Home Protocols Protocol for assembling annealed DNA oligonucleotides and a double-stranded DNA vector using NEBuilder HiFi DNA Assembly (NEB #E2621)

Protocol for assembling annealed DNA oligonucleotides and a double-stranded DNA vector using NEBuilder HiFi DNA Assembly (NEB #E2621)


The following method allows you to anneal short overlapping DNA oligos (generally 60 nucleotides (nt) each) to assemble a longer double-stranded DNA (dsDNA) fragment. The annealed nicked dsDNA fragment can then be combined and assembled with a linearized vector fragment. This annealed oligo protocol provides an alternative to short, synthesized dsDNA, such as gBlocks.

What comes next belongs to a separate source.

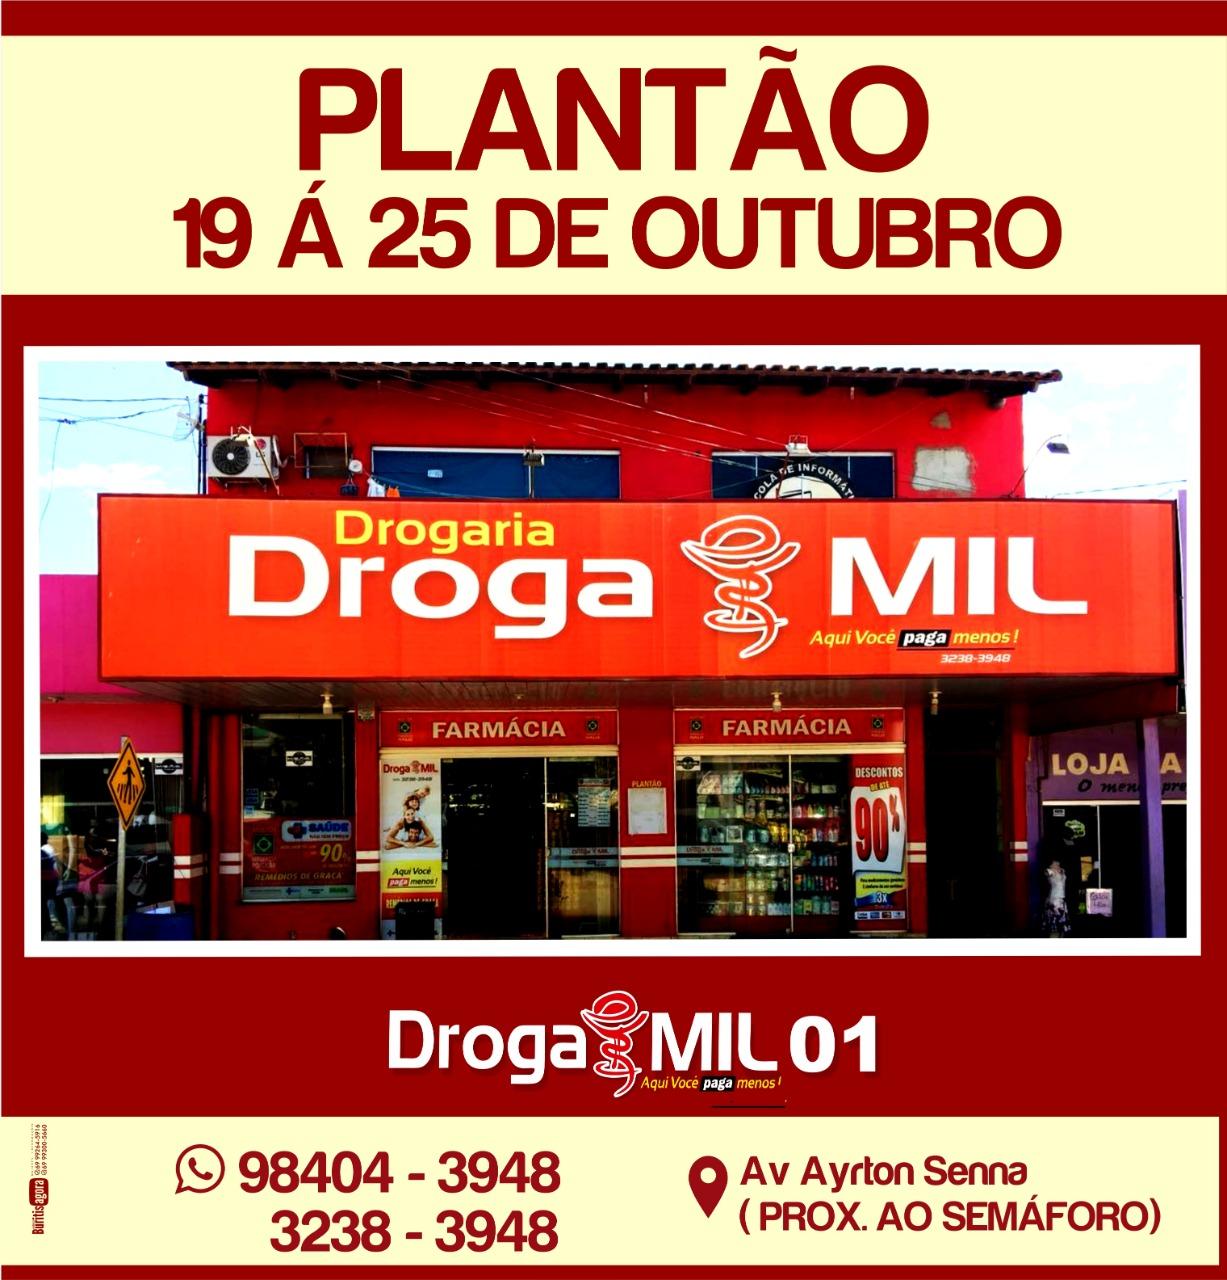 DROGA MIL 01

This protocol is recommended for the assembly of the following types of DNA fragments:

  • Annealed short DNA oligos forming a nicked dsDNA fragment
  • dsDNA vector linearized by PCR or restriction digest



 

Annealed DNA Oligo Design

Short, annealed ssDNA oligos (60 nt each) should be designed with 30 nt overlaps with adjacent complementary oligos. When annealed, the overlapping oligos will form a nicked dsDNA fragment with no gaps, and ssDNA vector overlaps at each end. Please note that DNA oligos with 5’ phosphates are not required.

DNA Quantities

This protocol uses a 1:50 (vector:insert) molar ratio with 0.02 picomoles of vector and 1 picomole of annealed oligos.

Protocol

  1. Prepare oligos for annealing by adding 1 ul of each oligo (100 μM stock) to a final concentration of 0.2 μM (0.2 pmol/μl) using 1X NEBuffer r2.1*. This can be done by combining 1 µl of each 100 μM oligo stock in a single tube with an appropriate volume of buffer for a total volume of 500 μl.

    2. Component 500 µl Volume Final Conc. Or Amount
    Overlapping Oligos (100 μM stock concentration) 1 μl of each oligo, for a total of X μl 0.2 μM (0.2 pmol/μl) of each oligo
    1X NEBuffer r2.1* Buffer volume = (500 μl  - X μl) 1X

    *Note: you can also use TE buffer (10 mM Tris, 0.1 mM EDTA; pH 8.0) supplemented with 50 mM NaCl as an annealing buffer

  2. Heat the oligo mixture solution at 100°C for 3 min and allow to cool at room temperature for 20 min. The annealed oligos are ready to assemble.

  3. Set-up the following reaction on ice:

    4. Component 20 µl Reaction Final Conc. Or Amount
    Annealed Oligo Mixture
    (0.2 pmol/μl)    		 5 μl 1 pmol
    (1:50 vector:insert ratio)
    Linearized Vector (0.02 pmol/μl)** 1 μl 0.02 pmol
    Nuclease-free Water 4 μl  
    NEBuilder HiFi DNA Assembly Master Mix 2X 10 μl 1X

    ** NEBioCalculator (NEBioCalculator.neb.com) can help with DNA mass to molar quantity conversions for both ssDNA and dsDNA.

  4. Incubate the reaction at 50°C in a thermocycler for 60 min.  Transform 2 μl of assembled mix into 50 μl of NEB 5-alpha Competent E. coli (High Efficiency) (NEB #C2987) following the recommended protocol.

Note: If you are working with large plasmids >10 kb in size we recommend NEB® 10-beta Competent E. coli (High Efficiency) (NEB #C3019H). If your plasmid or insert contain repetitive sequences, we recommend NEB® Stable Competent E. coli (High Efficiency) (NEB #C3040H).